Mumsnet has not checked the qualifications of anyone posting here. If you need help urgently or expert advice, please see our domestic violence webguide and/or relationships webguide. Many Mumsnetters experiencing domestic abuse have found this thread helpful: Listen up, everybody

He was/is abusive arse, so why do I keep getting tearful about divorce?

15 replies

MotherForker · 23/12/2020 22:39

We are divorcing at my instigation. He has been emotionally, financially and sexually abusive for over a decade and although recently shaped up (under threat of divorce) I'd had enough.

Were still living together while we sort housing, we have 2 dc (they don't know yet) and it is pretty amicable. More so than before!

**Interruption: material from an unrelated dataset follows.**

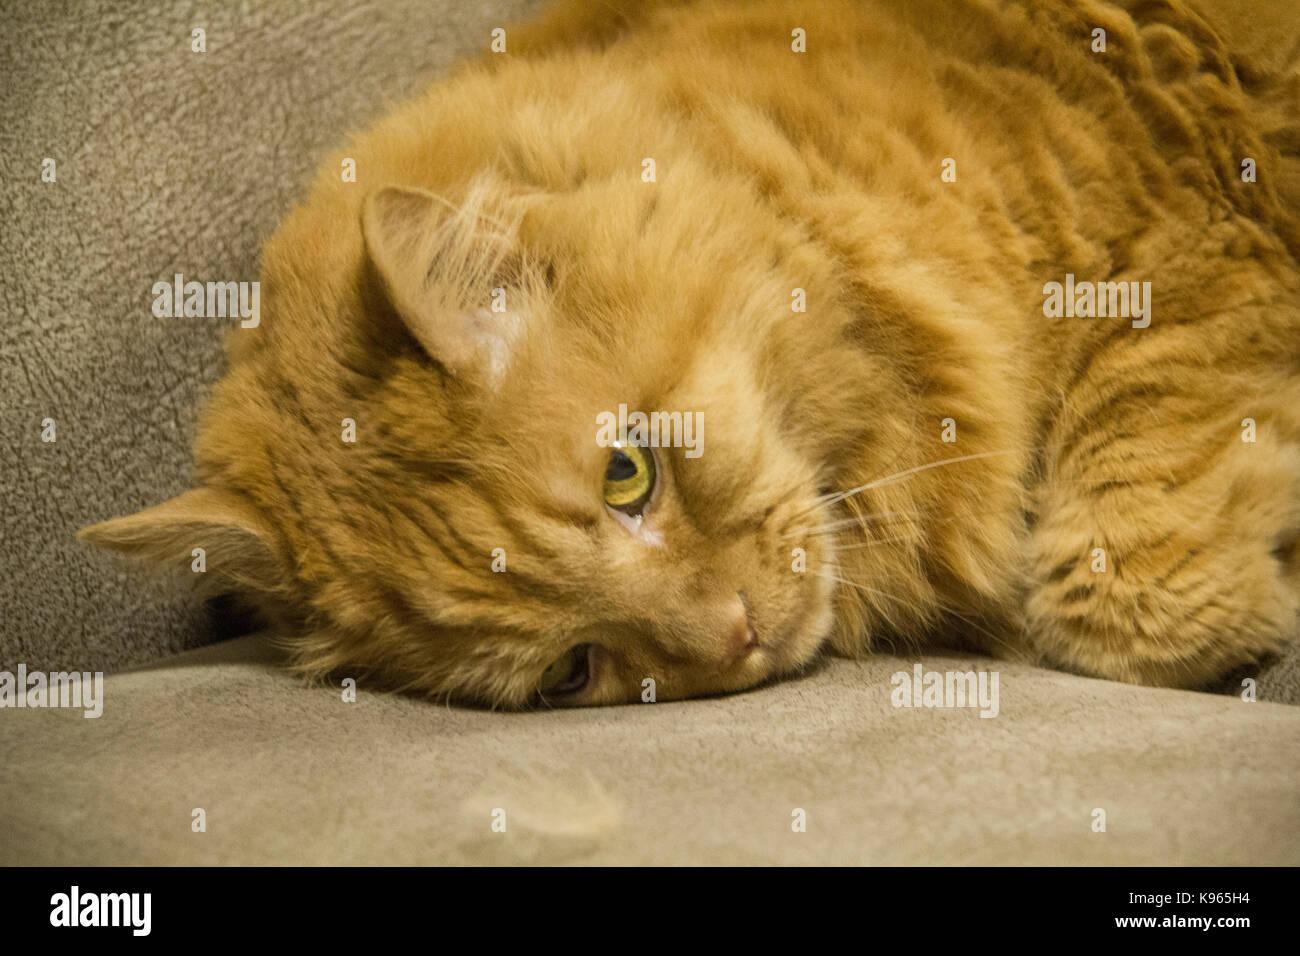 Adult persian cat with sad yellow eyes lying on the sofa .Closeup - Stock Image
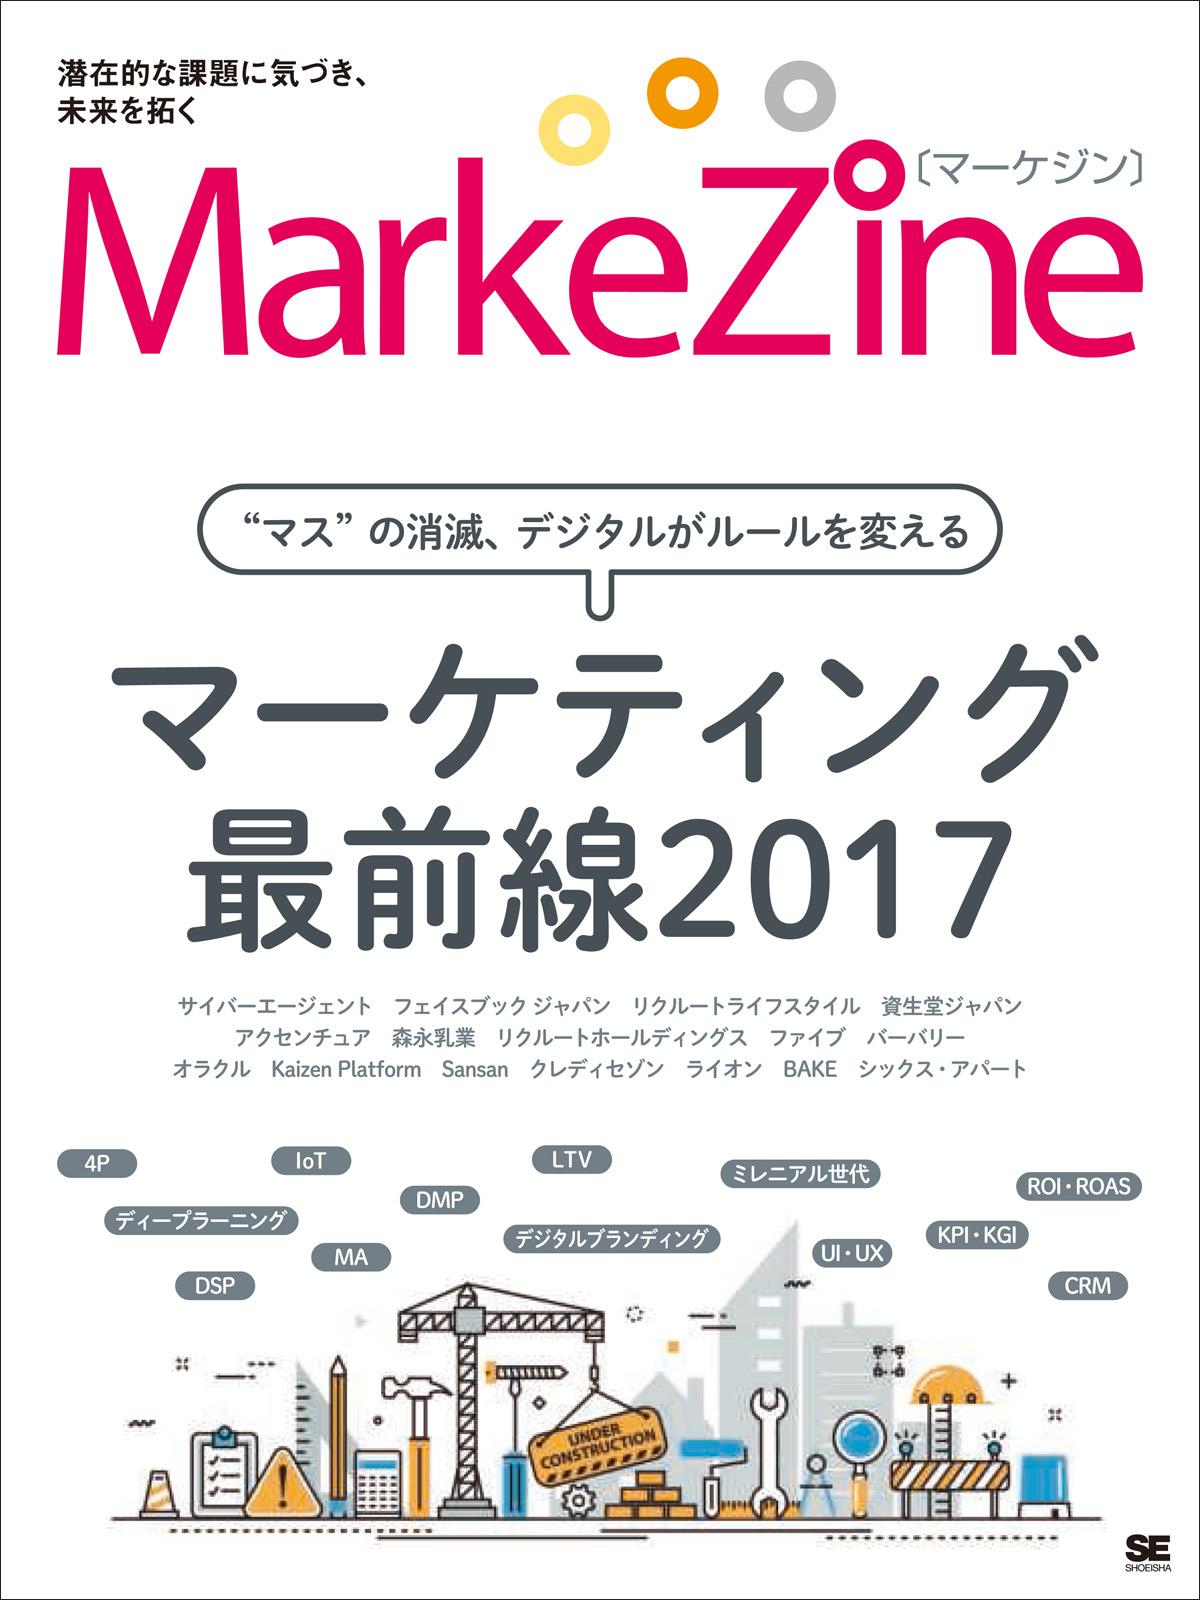 『MarkeZine マーケティング最前線2017』

But I keep getting waves of sadness, crying snotty tears about the whole thing. Even though I know I don't want to be with him. I think I part it's the anticipation of telling dc and how upset they'll be. And the feeling of failure.

OP posts:
OnlyTheLangoftheTitBerg · 23/12/2020 22:58

You’re not a failure, you’re a brave woman setting good boundaries for yourself and your children, and modelling to them that they should have high standards for themselves in their future relationships.

It’s natural to grieve the loss of something - in this case, the loss of the relationship you hoped it would be when you agreed to marry him.

Good luck in your new life, OP. It might be hard right now but I bet you look back before very much longer and realise how much happier you are without him Flowers

RoseMartha · 23/12/2020 23:06

I cried when I ended my marriage with my exh. He like yours was abusive for years. You are lucky if he is amicable . My exh made it as hard as he could with constant threats and bullying. He does not understand why I divorced him, he cant see he did anything wrong. He is still abusive now. And I have been divorced almost a year and I ended the marriage nearly three years ago. (We stayed living in the same house for 18 months which was hell and i had to sleep on the floor for the duration).

If you can stay amicable it is better for your kids.

I think it is normal to grieve your relationship even if it was not a good one. Dont be hard on yourself and let yourself grieve it. Take one day at a time and you will get through it. One step at a time. And you will come out the other side and find your peace.

RandomMess · 23/12/2020 23:13

It's still sad you had hopes and dreams and got something very different.

Grieving is completely normal.

Thanks
MotherForker · 24/12/2020 11:46

Glad it's normal and I'm not going mad. I know it's the right thing. He's in the process of buying a house and when that's done he will be out. I can't wait.

OP posts:
Isitreally77 · 24/12/2020 12:00

It will be hard. My ex was physically and emotionally abusive and constantly made me feel worthless. When he said he wanted a divorce in one argument I said yes let's do it. I still felt like shit. We have a good relationship now and get on really well as friends but I miss the life we had and the future we had planned. You're grieving for what you thought you would have in the future too. In the long run it is better to leave a bad relationship and you come to realise that but it takes time.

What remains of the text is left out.